Повесть лет двадцать назад стали издавать и переиздавать, включать в хрестоматии, снимать фильмы и сериалы. Полина чувствовала, что ради памяти всех, кто не дожил, ей надо увидеть все своими глазами.

Ей никогда не хватало времени, но сейчас, думая о том, чтобы уехать и не возвращаться как можно дольше, Полина наконец-то добралась до вокзала. Она взяла билет на медленный, провинциальный состав до рабочего поселка, ставшего районным городом.

В переулке рядом с центральной площадью, где стоял крашеный серебрянкой маленький Ленин и громоздились лотки с одуряюще пахнущей антоновкой, Полина сразу нашла общинный центр, унылое одноэтажное здание, с потемневшими от времени стенами.

Нет ничего печальнее узких коридоров, с объявлениями, криво распечатанными на умирающем принтере. «Памперсы для взрослых только по предъявлению паспорта», «Запись к кардиологу закрыта». Рядом непременно найдется стенд из двух частей. Сверху, почему-то всегда кровавым кармином написано «УЗНИКИ» и «ОСТАЛЬНЫЕ».

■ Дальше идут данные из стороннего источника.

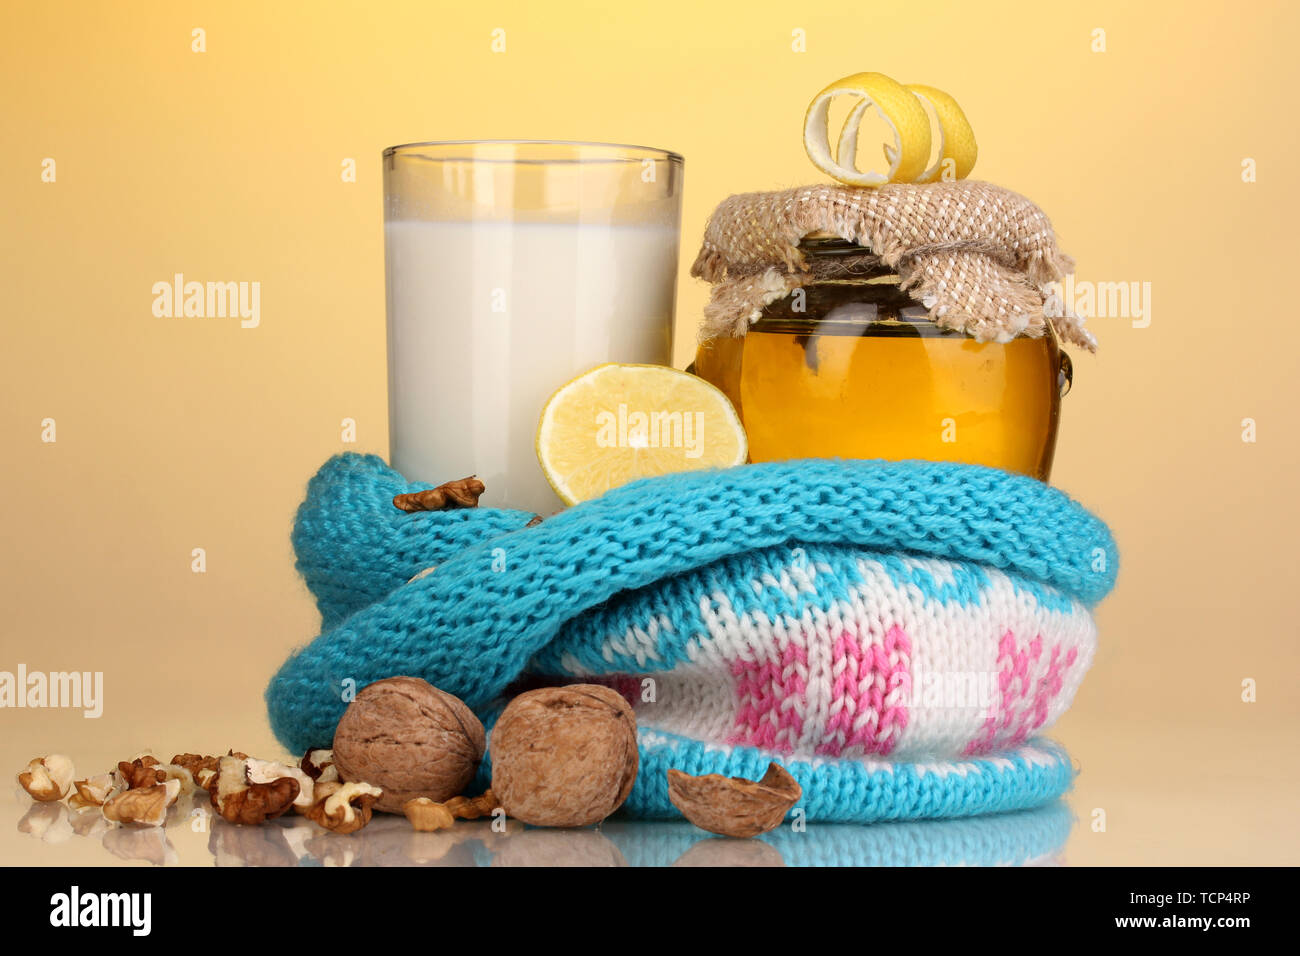 Healthy ingredients for strengthening immunity on yellow background Stock Photo

Полина в таких местах ощущала себя узником всего – пышного плюща на стене, капающего в туалете крана, запаха пыли и валокордина. В холодной комнате, за стеклом, хранят пасхальное блюдо, присланное из столицы, засохший лулав, разрозненные сидуры.

Субботним утром здесь собирается несколько стариков. Дребезжащими голосами, вразнобой, они читают молитвенник. Потом долго пьют слабый чай, с бутербродами на засохшем хлебе и твердыми конфетами. Говорят они о детях и болезнях. Повторяются слова «диабет» и «Германия».

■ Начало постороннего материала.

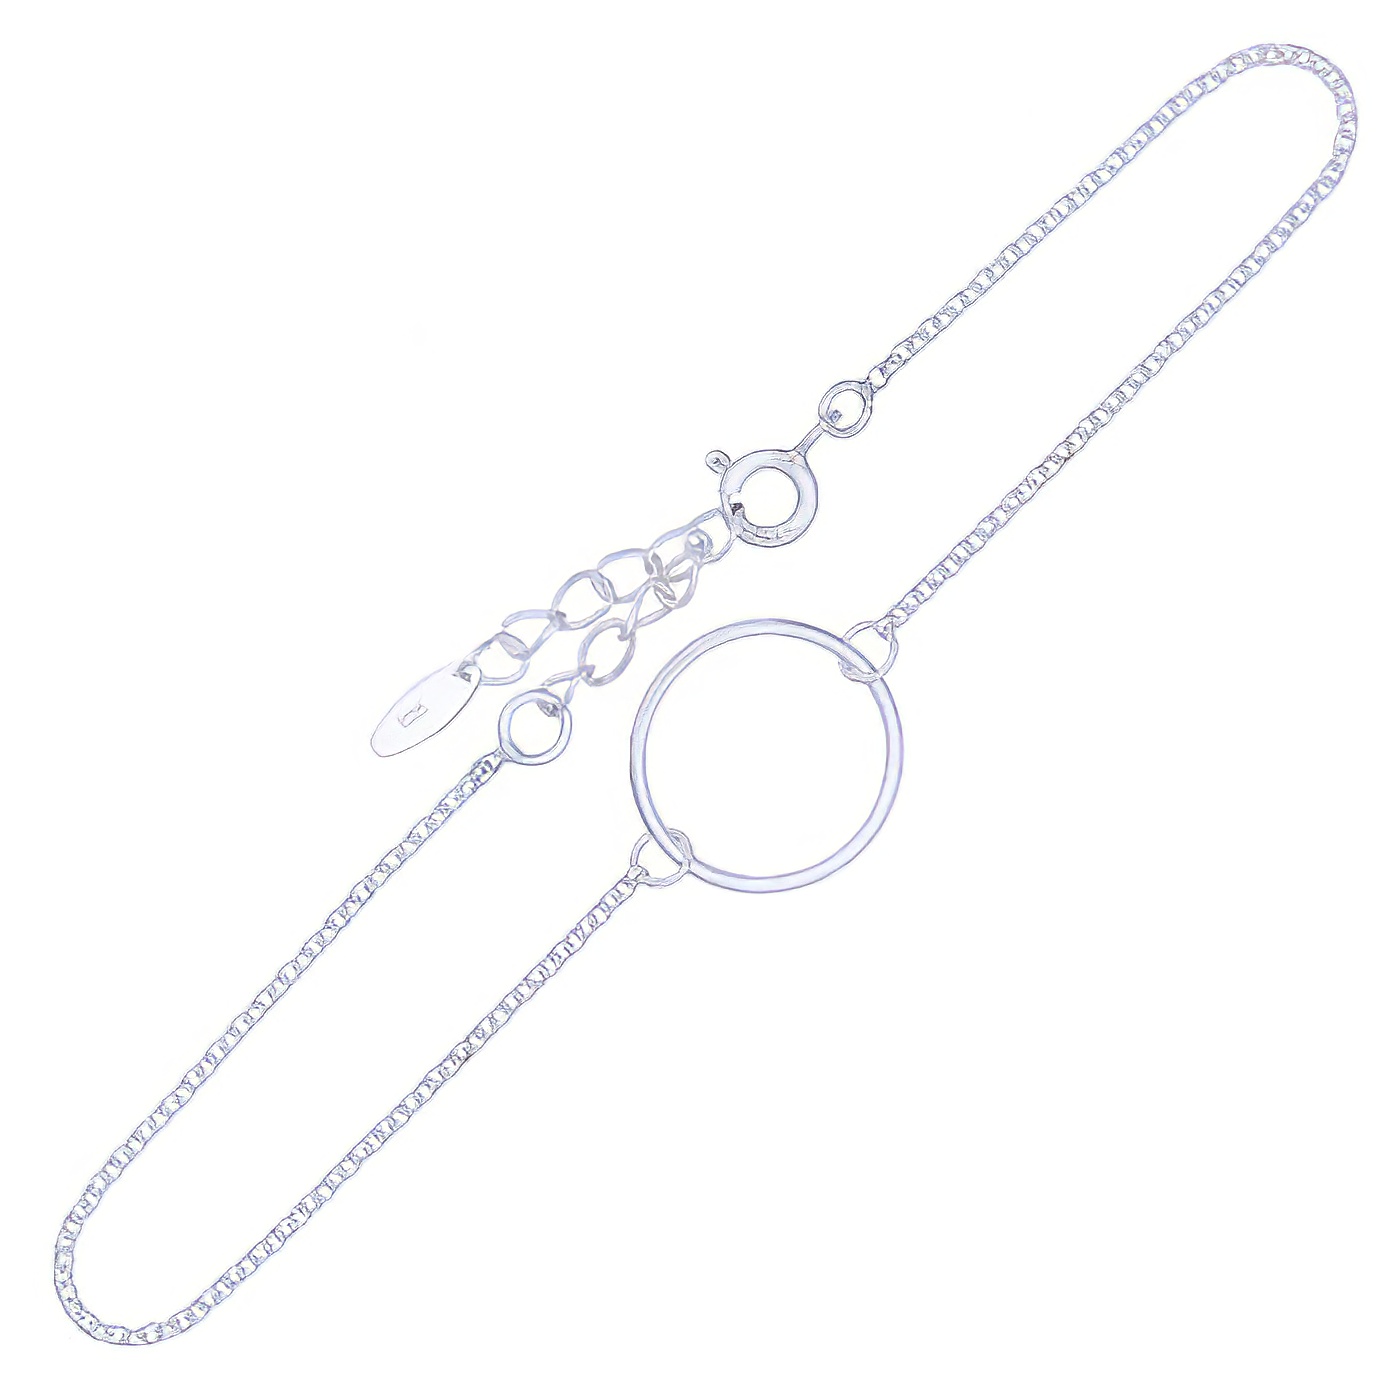 Circle Plain Charm In Sterling Silver Chain Bracelet

И все же это были свои старики, и женщина-администратор, в толстых очках, с неаккуратно прокрашенными хной волосами, была своя.

– Пешком вам туда не дойти, – она оценивающе посмотрела на Полинины модные ботинки.

– У меня с собой кроссовки, – Полина похлопала по сумке.

– Все равно, – покачала головой женщина.

– Это за городом, я лучше вызову нашего шофера.

Как и всегда в такие моменты, Полина почувствовала неловкость. Для бедных провинциальных стариков и старух она была чем-то недостижимым и недоступным – москвичка, еще и из той всемогущей организации, что содержала общинный дом и платила за все остальное, до последнего куска сахара в чае.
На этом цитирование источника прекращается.